Re: [COMMITTERS] pgsql: Efficient transaction-controlled synchronous replication.

From: Robert Haas <robertmhaas(at)gmail(dot)com>
To: Fujii Masao <masao(dot)fujii(at)gmail(dot)com>
Cc: Simon Riggs <simon(at)2ndquadrant(dot)com>, PostgreSQL-development <pgsql-hackers(at)postgresql(dot)org>
Subject: Re: [COMMITTERS] pgsql: Efficient transaction-controlled synchronous replication.
Date: 2011-03-18 14:10:03
Message-ID: AANLkTinRkoYcfrkMkzFsA3trGfwSxiqLDMw+PA9dicDt@mail.gmail.com
Views: Raw Message | Whole Thread | Download mbox | Resend email
Thread:
Lists: pgsql-committers pgsql-hackers

On Mon, Mar 7, 2011 at 3:44 AM, Fujii Masao <masao(dot)fujii(at)gmail(dot)com> wrote:
> On Mon, Mar 7, 2011 at 5:27 PM, Fujii Masao <masao(dot)fujii(at)gmail(dot)com> wrote:
>> On Mon, Mar 7, 2011 at 7:51 AM, Simon Riggs <simon(at)2ndquadrant(dot)com> wrote:
>>> Efficient transaction-controlled synchronous replication.
>>> If a standby is broadcasting reply messages and we have named
>>> one or more standbys in synchronous_standby_names then allow
>>> users who set synchronous_replication to wait for commit, which
>>> then provides strict data integrity guarantees. Design avoids
>>> sending and receiving transaction state information so minimises
>>> bookkeeping overheads. We synchronize with the highest priority
>>> standby that is connected and ready to synchronize. Other standbys
>>> can be defined to takeover in case of standby failure.
>>>
>>> This version has very strict behaviour; more relaxed options
>>> may be added at a later date.
>>
>> Pretty cool! I'd appreciate very much your efforts and contributions.
>>
>> And,, I found one bug ;) You seem to have wrongly removed the check
>> of max_wal_senders in SyncRepWaitForLSN. This can make the
>> backend wait for replication even if max_wal_senders = 0. I could produce
>> this problematic situation in my machine. The attached patch fixes this problem.
>
>        if (strlen(SyncRepStandbyNames) > 0 && max_wal_senders == 0)
>                ereport(ERROR,
>                                (errmsg("Synchronous replication requires WAL streaming
> (max_wal_senders > 0)")));
>
> The above check should be required also after pg_ctl reload since
> synchronous_standby_names can be changed by SIGHUP?
> Or how about just removing that? If the patch I submitted is
> committed,empty synchronous_standby_names and max_wal_senders = 0
> settings is no longer unsafe.

This configuration is now harmless in the sense that it no longer
horribly breaks the entire system, but it's still pretty useless, so
this might be deemed a valuable sanity check. However, I'm reluctant
to leave it in there, because someone could change their config to
this state, pg_ctl reload, see everything working, and then later stop
the cluster and be unable to start it back up again. Since most
people don't shut their database systems down very often, they might
not discover that they have an invalid config until much later. I
think it's probably not a good idea to have configs that are valid on
reload but prevent startup, so I'm inclined to either remove this
check altogether or downgrade it to a warning.

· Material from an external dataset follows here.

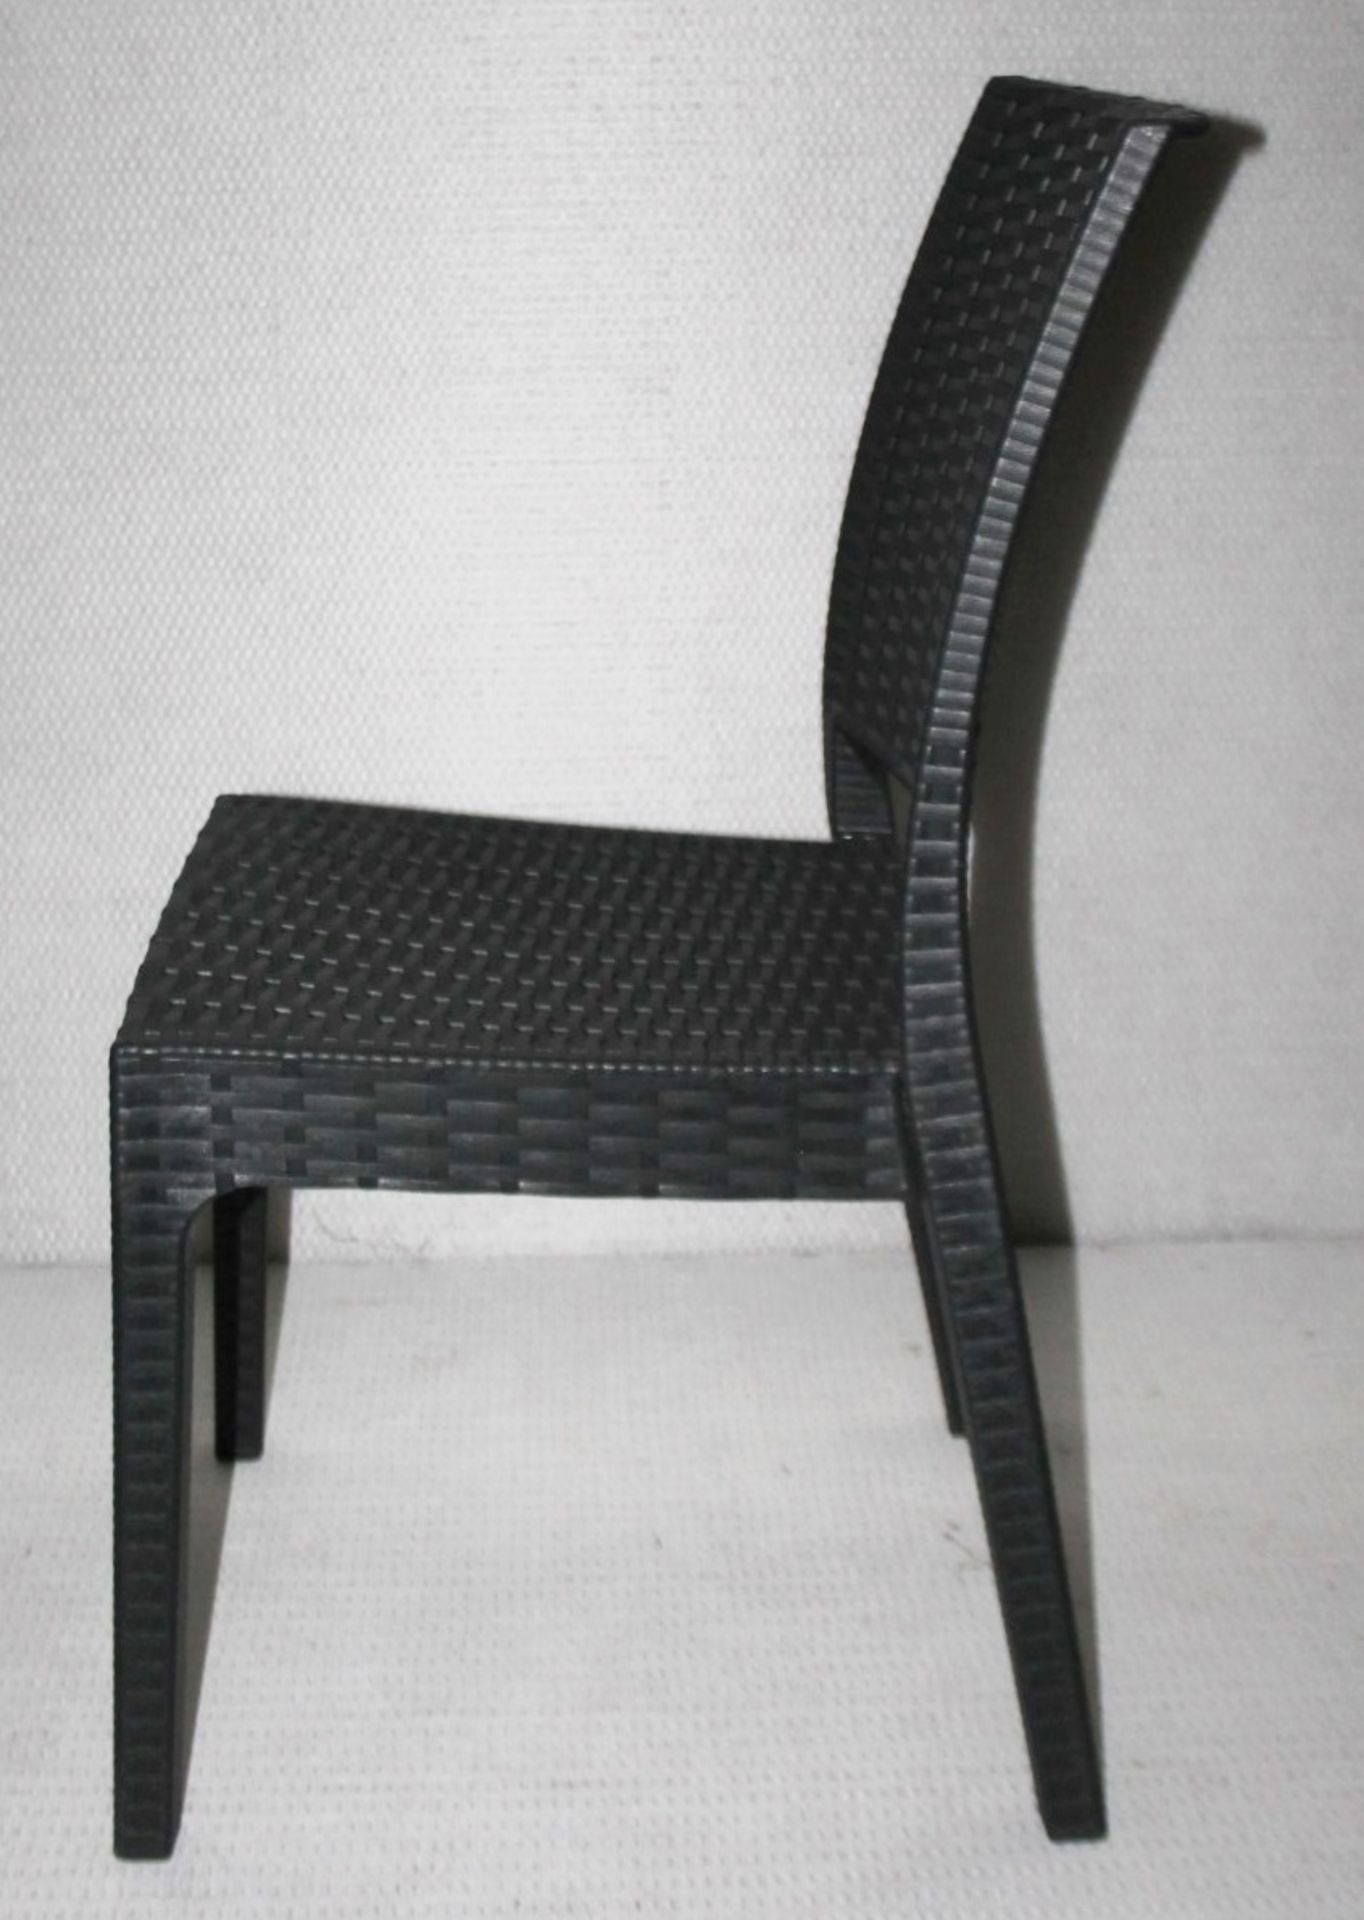 4 x SIESTA EXCLUSIVE 'Florida' Commercial Stackable Rattan-style Chairs In Dark Grey -CL987 - - Image 8 of 13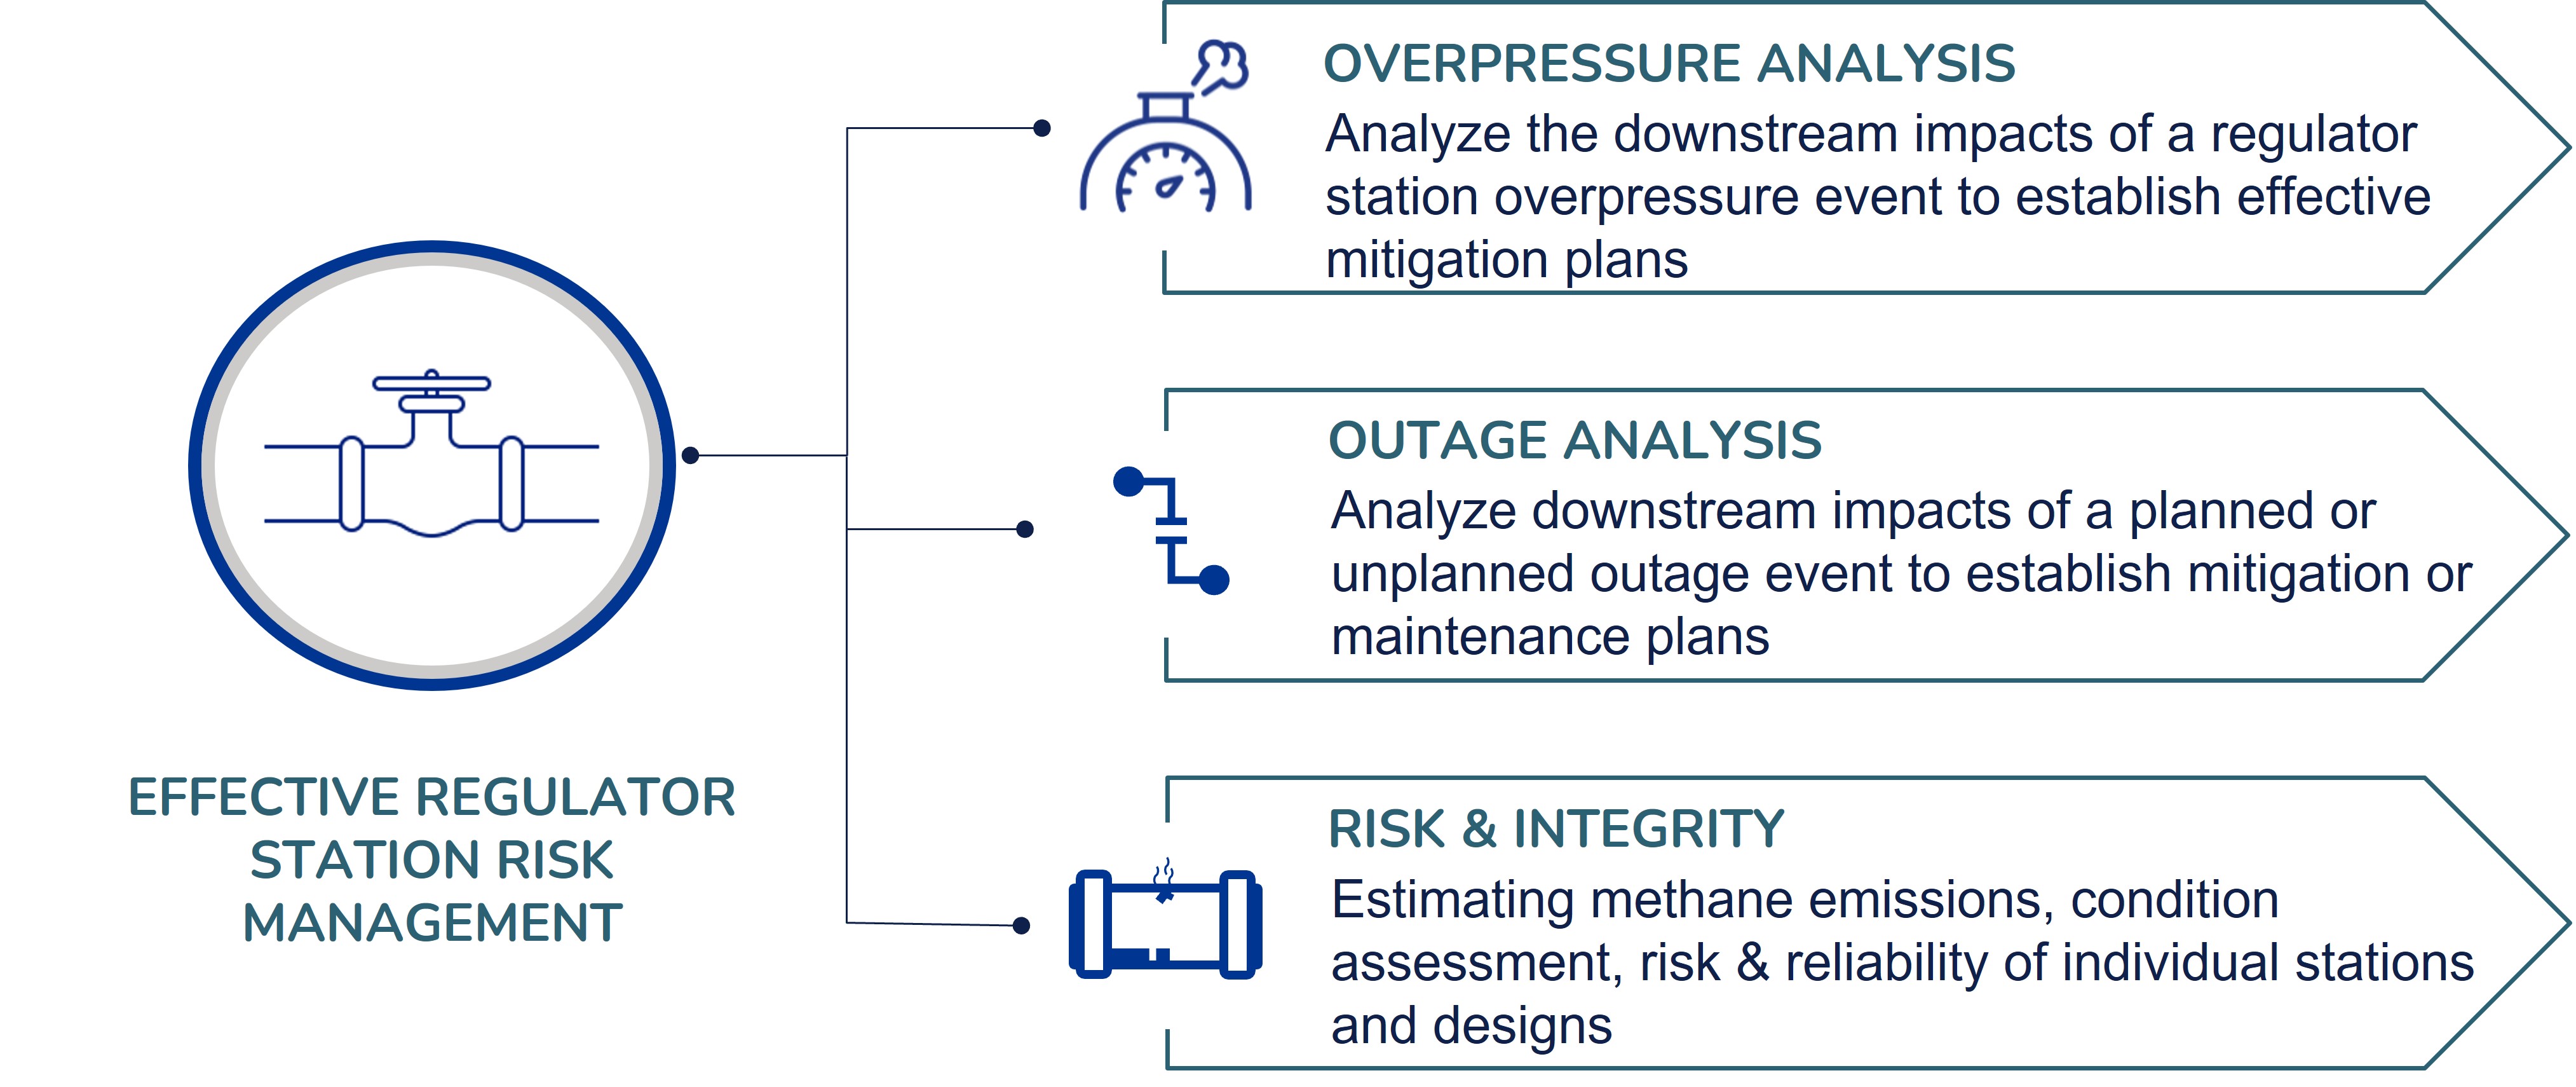 Pipeline - combining the power of risk, integrity, and hydraulic analysis

As a side note, it's not very obvious why some parts of PostmasterMain
report problems by doing write_stderr() and exit() while other parts
use ereport(ERROR). This check and the nearby checks on WAL level are
immediately preceded and followed by other checks that use the
opposite technique.

--
Robert Haas
EnterpriseDB: http://www.enterprisedb.com
The Enterprise PostgreSQL Company

In response to

Responses

Browse pgsql-committers by date

  From Date Subject
Next Message Simon Riggs 2011-03-18 14:19:18 Re: Re: [COMMITTERS] pgsql: Efficient transaction-controlled synchronous replication.
Previous Message Robert Haas 2011-03-18 13:46:21 pgsql: Remove ancient -X options to pg_dump, pg_dumpall, pg_restore.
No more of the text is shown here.